# What is required
One part of the entries below is wanted: the lines from the one containing "Genuine Leather Slim" through the one containing "Spider Man Miles". Write those out exactly and nothing else.

# Exercise inputs
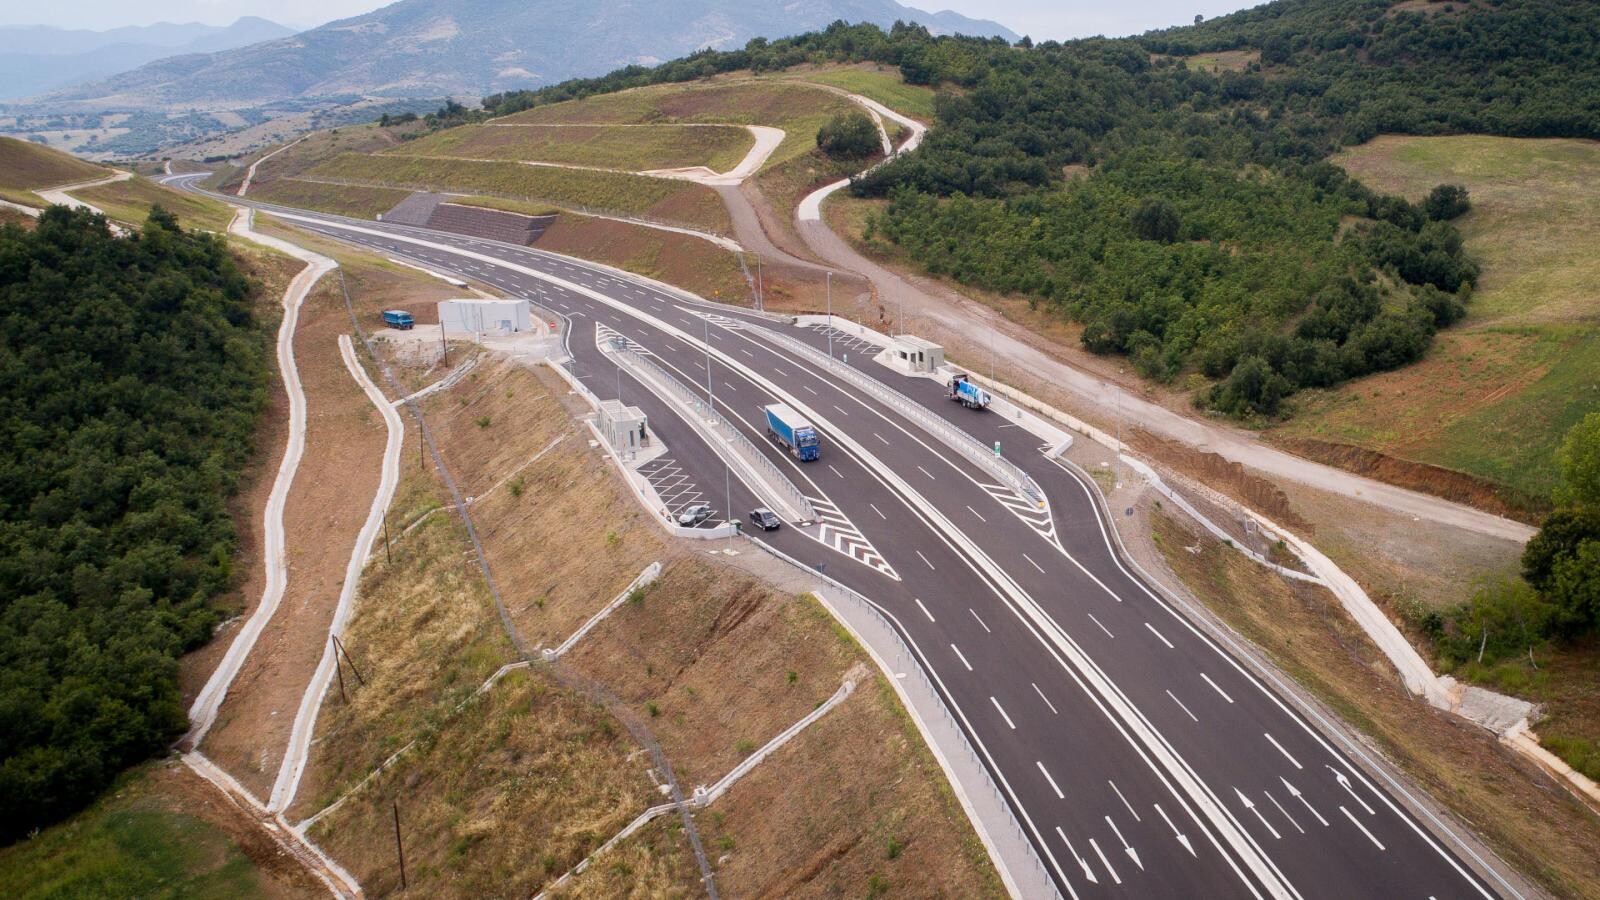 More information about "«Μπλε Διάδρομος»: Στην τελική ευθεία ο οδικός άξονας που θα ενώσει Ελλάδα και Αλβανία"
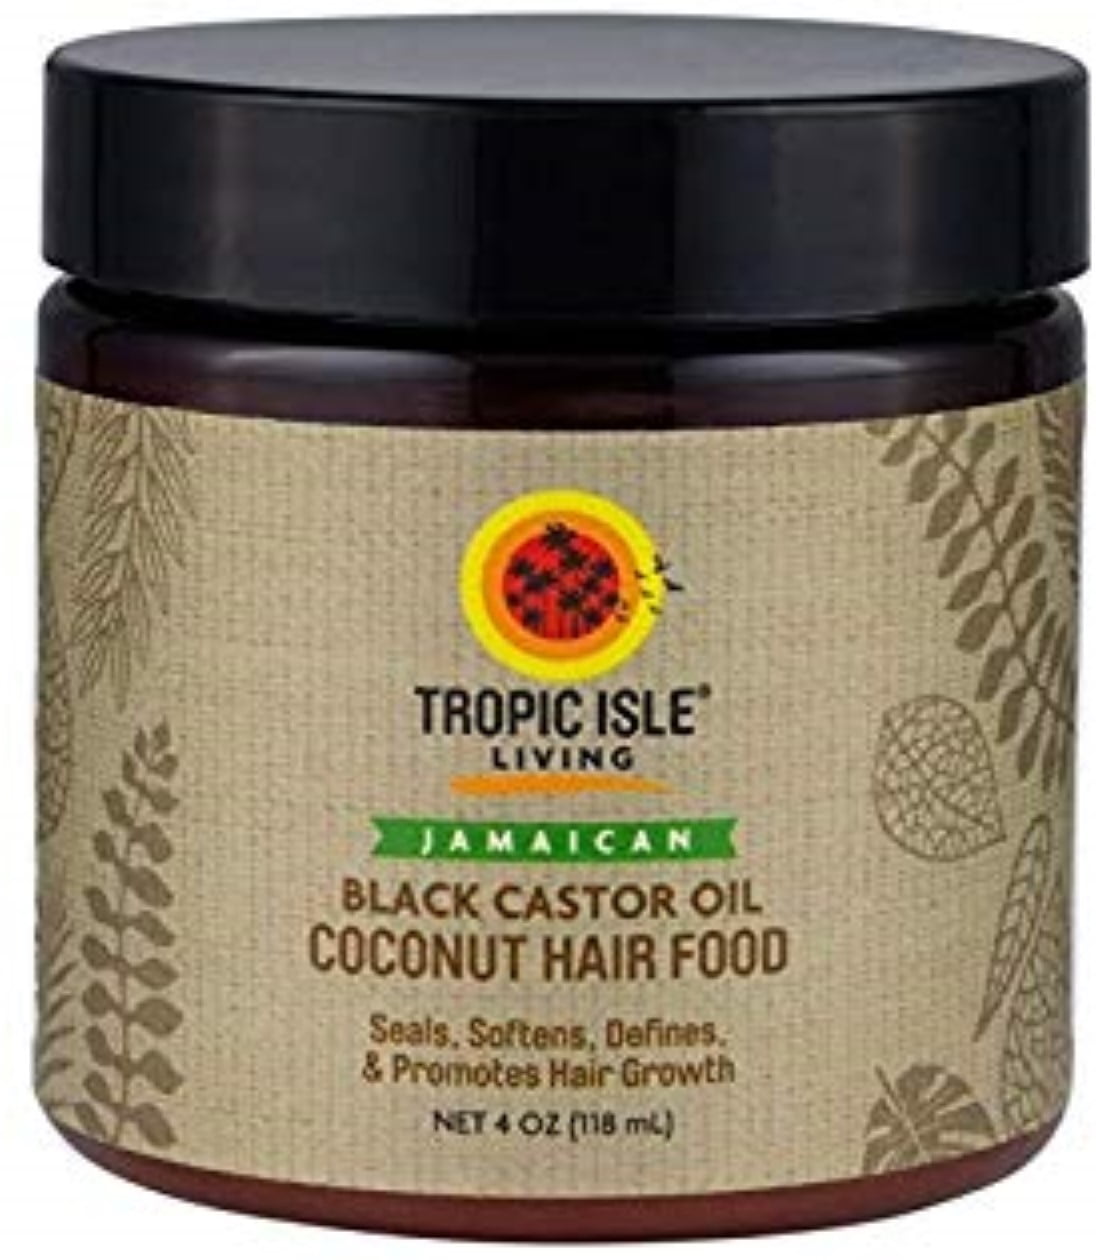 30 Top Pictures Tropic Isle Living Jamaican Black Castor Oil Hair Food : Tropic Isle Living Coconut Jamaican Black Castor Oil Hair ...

* * *

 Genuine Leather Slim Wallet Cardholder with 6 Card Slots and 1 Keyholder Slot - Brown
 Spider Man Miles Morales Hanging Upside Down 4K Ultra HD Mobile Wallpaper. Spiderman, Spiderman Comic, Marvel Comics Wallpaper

* * *

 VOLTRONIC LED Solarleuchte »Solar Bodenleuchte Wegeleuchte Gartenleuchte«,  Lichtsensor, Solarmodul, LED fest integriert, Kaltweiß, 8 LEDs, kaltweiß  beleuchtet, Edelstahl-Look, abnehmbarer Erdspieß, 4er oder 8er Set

# Your response
 Genuine Leather Slim Wallet Cardholder with 6 Card Slots and 1 Keyholder Slot - Brown
 Spider Man Miles Morales Hanging Upside Down 4K Ultra HD Mobile Wallpaper. Spiderman, Spiderman Comic, Marvel Comics Wallpaper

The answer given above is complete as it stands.